人工智能生成大师级建筑设计

人工智能生成大师级建筑设计: Comparison

Please note this is a comparison between Version 1 by Junming Chen and Version 5 by Peter Tang.

The outstanding buildings designed by master architects are the common wealth of mankind. They reflect their design skills and concepts and are not possessed by ordinary architectural designers. Compared with traditional methods that rely on a lot of mental labor for innovative design and drawing, artificial intelligence (建筑大师设计的卓越建筑是人类共同的财富，体现了他们的设计技巧和理念，是普通建筑设计师所不具备的。与依赖大量脑力劳动进行创新设计和绘图的传统方法相比，人工智能（AI) methods have greatly improved the creativity and efficiency of the design process. It overcomes the difficulty in specifying styles for generating high-quality designs in traditional diffusion models.）方法大大提高了设计过程的创造力和效率。它克服了传统扩散模型中生成高质量设计的指定风格困难的问题。

architectural design
text to design
design process optimization
design quality
design style
diffusion model

1. Introduction一、简介

1.1. Background and Motivation

1.1. 背景和动机

Often the icon of a city, excellent architecture can attract tourists and promote local economic development [1]. However, designing outstanding architecture via conventional design methods poses multiple challenges. For one thing, conventional design methods involve a significant amount of manual drawing and design modifications ^[2][3][4][2,3,4], resulting in low design efficiency [4]. For another thing, cultivating designers with superb skills and ideas usually proves difficult ^[4][5][4,5], hence low-quality and inefficient architectural designs ^[5][6][5,6]. Such issues in the construction industry warrant urgent solutions.

1.2. Problem Statement and Objectives

Artificial intelligence (AI) has been widely used in daily life ^{[7][8][9][10]}[7,8,9,10]. Specifically, diffusion models can assist in addressing the low efficiency and quality in architectural design. Based on the machine learning concept, diffusion models are trained by learning knowledge from a vast amount of data ^[11][12] [11,12] to generate diverse designs based on text prompts [13]. Nevertheless, the current mainstream diffusion models, such as Stable Diffusion [14], Midjourney [15], and DALL E2 [11], have limited applications in architectural design due to their inability to embed specific design style and form in the generated architectural designs ( Figure 1 ).

Figure 1. Mainstream diffusion models compared with the proposed method for generating architectural designs.
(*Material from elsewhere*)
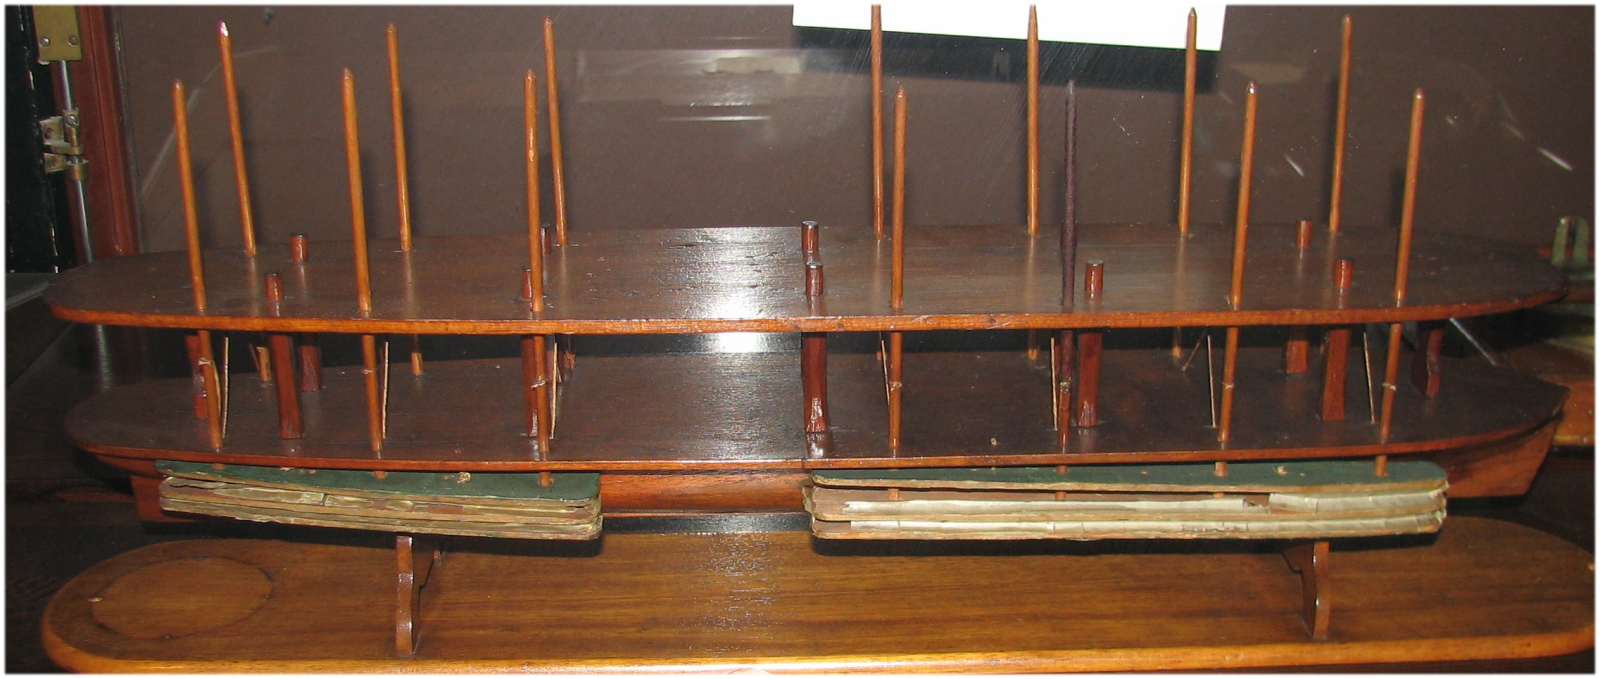 Replica of Lincoln's scale model of boat. Pontoons are in the foreground, deflated.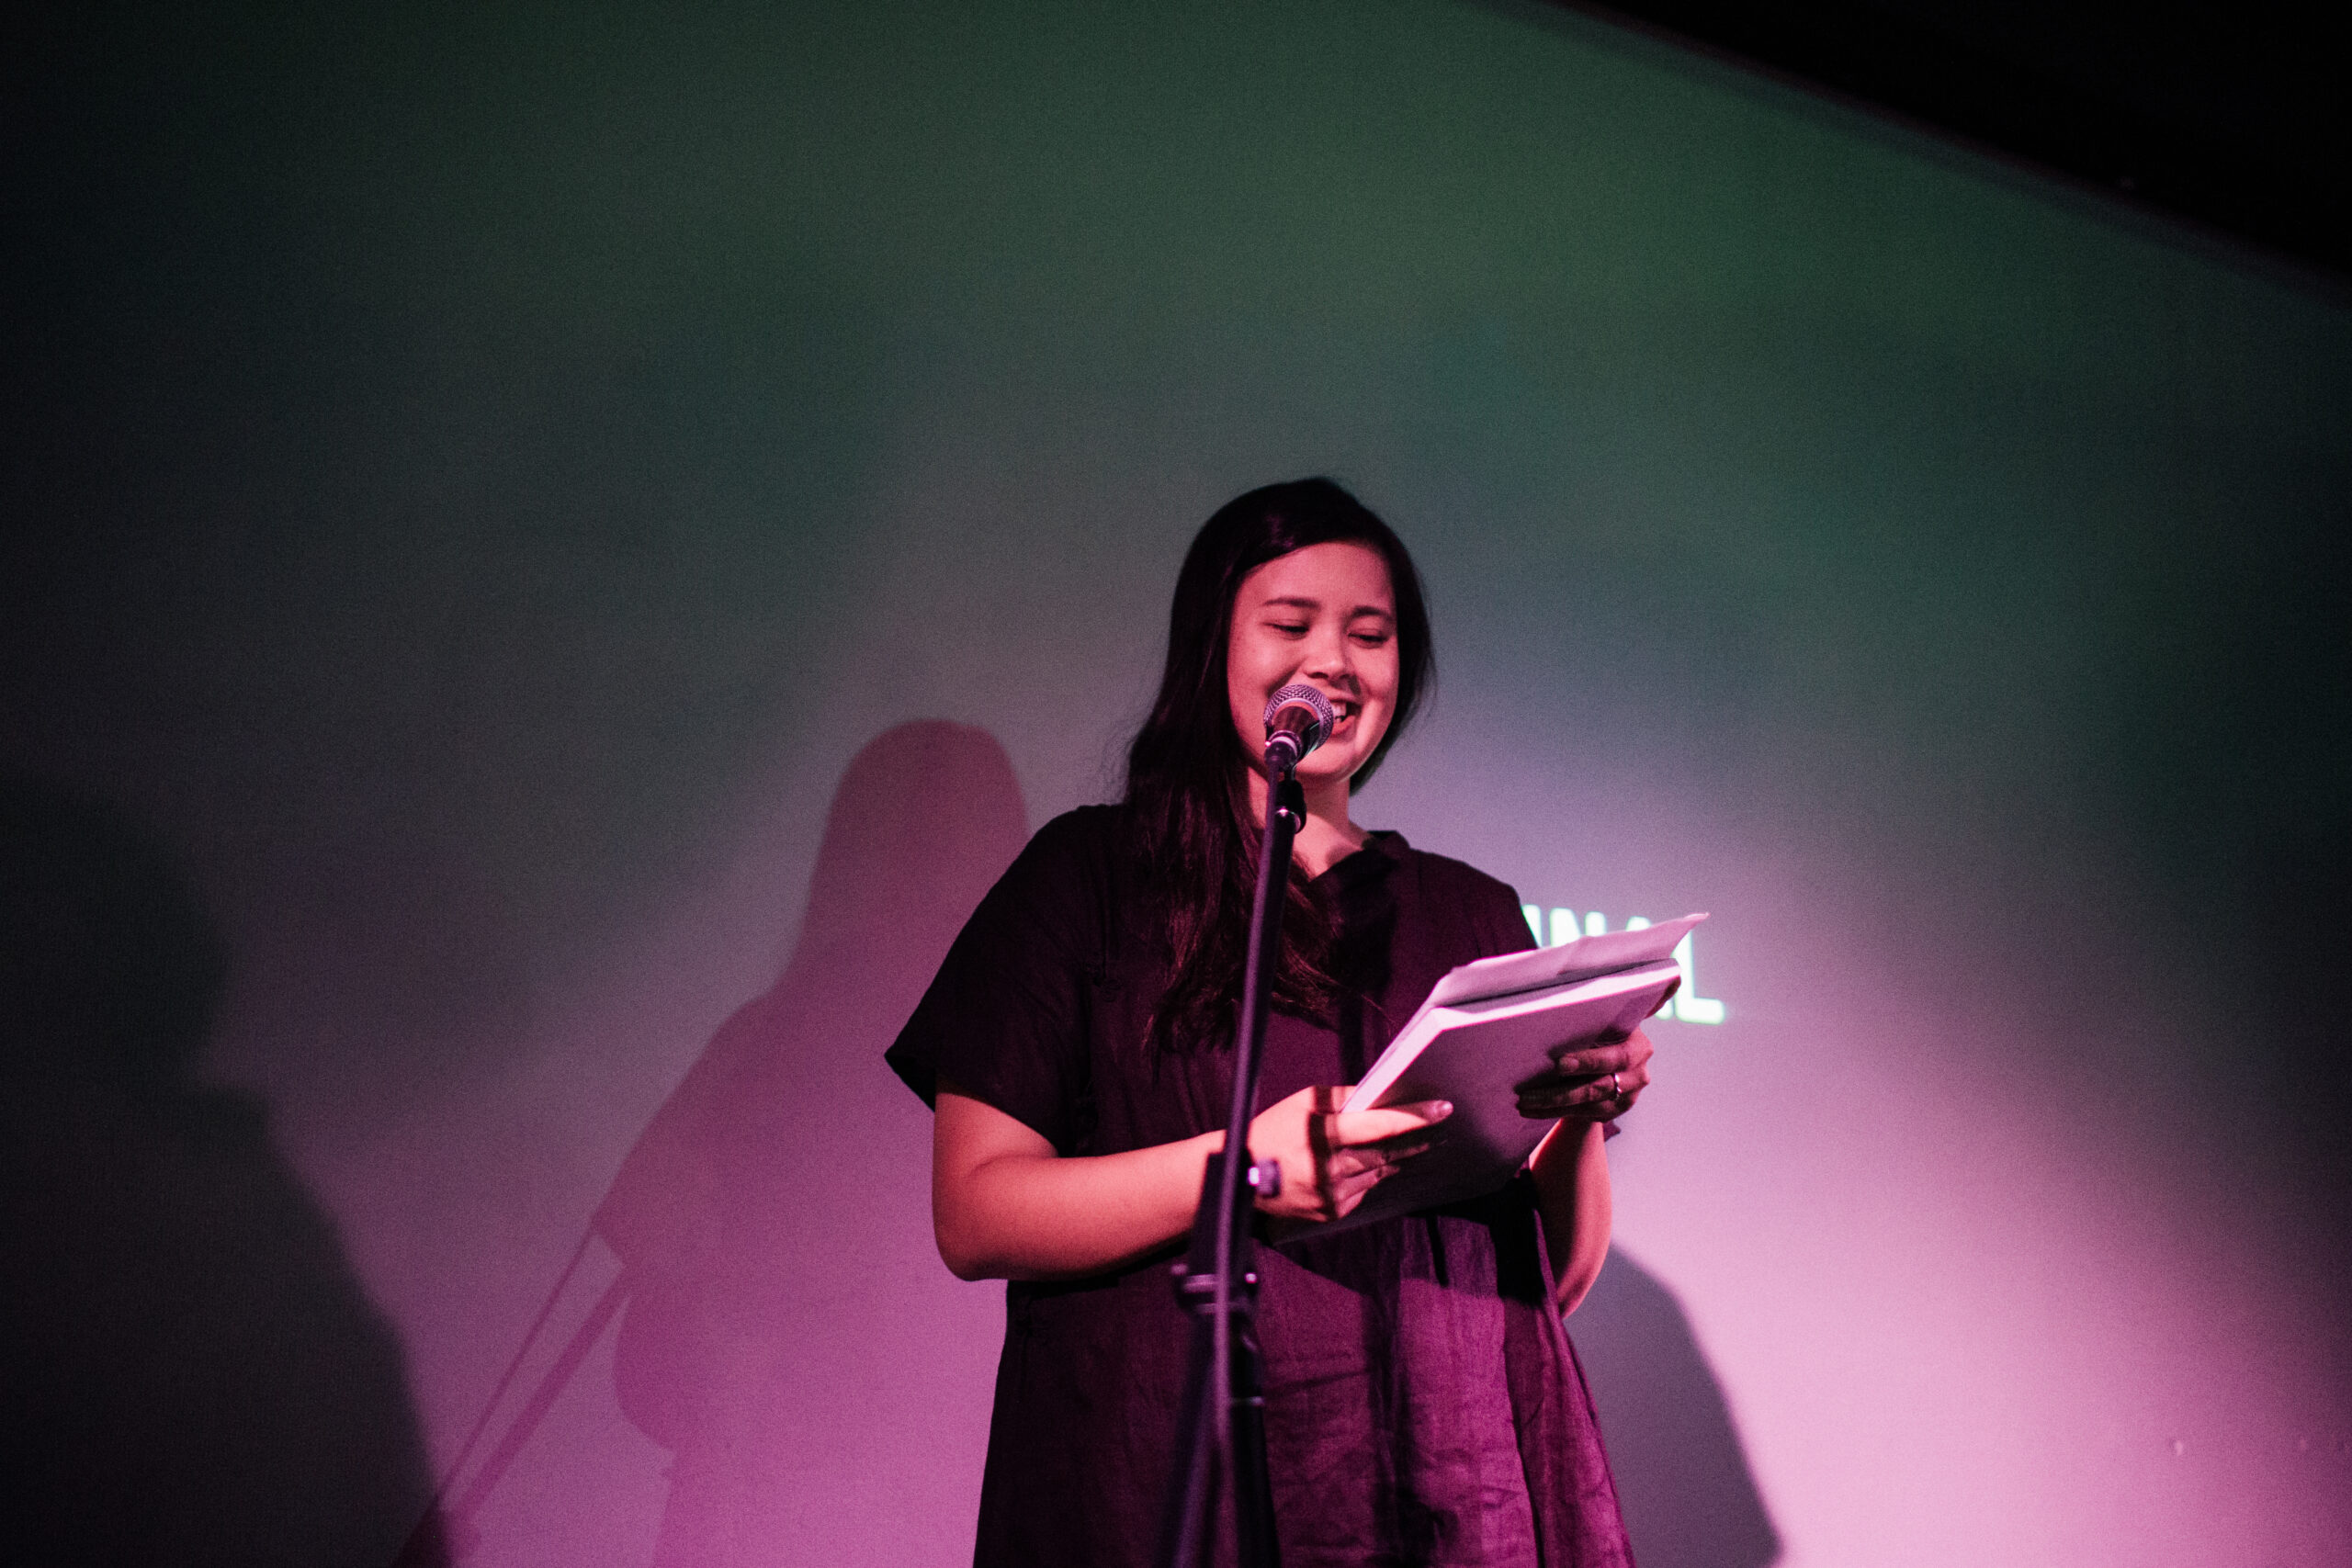 Leah Jing McIntosh looking radiant and smiling as she reads from some papers on top of a book, she is standing on stage in front of a microphone stand in multihued light. Leah has dark, black hair and is wearing flowy dark coloured linen clothing.

Stable Diffusion [14] fails to generate an architectural design with a specific style, and the image is not aesthetically pleasing (left panel). The architectural design styles generated by Midjourney [15] (second from the left) and DALL E2 ^[11] [11] (third from the left) are incorrect. None of these generated images met the design requirements. The proposed method (far right) generates architectural design in the correct design style . (Prompt: “An architectural photo in the Shu Wang style, photo, realistic, high definition”).

2. Architectural Design

Architectural designing relies on the professional skills and concepts of designers. Outstanding architectural designs play a crucial role in showcasing the image of a city ^[2][3][4][2,3,4]. Moreover, iconic landmark architecture in a city stimulates local employment and boosts the tourism industry ^[1][16][1,25].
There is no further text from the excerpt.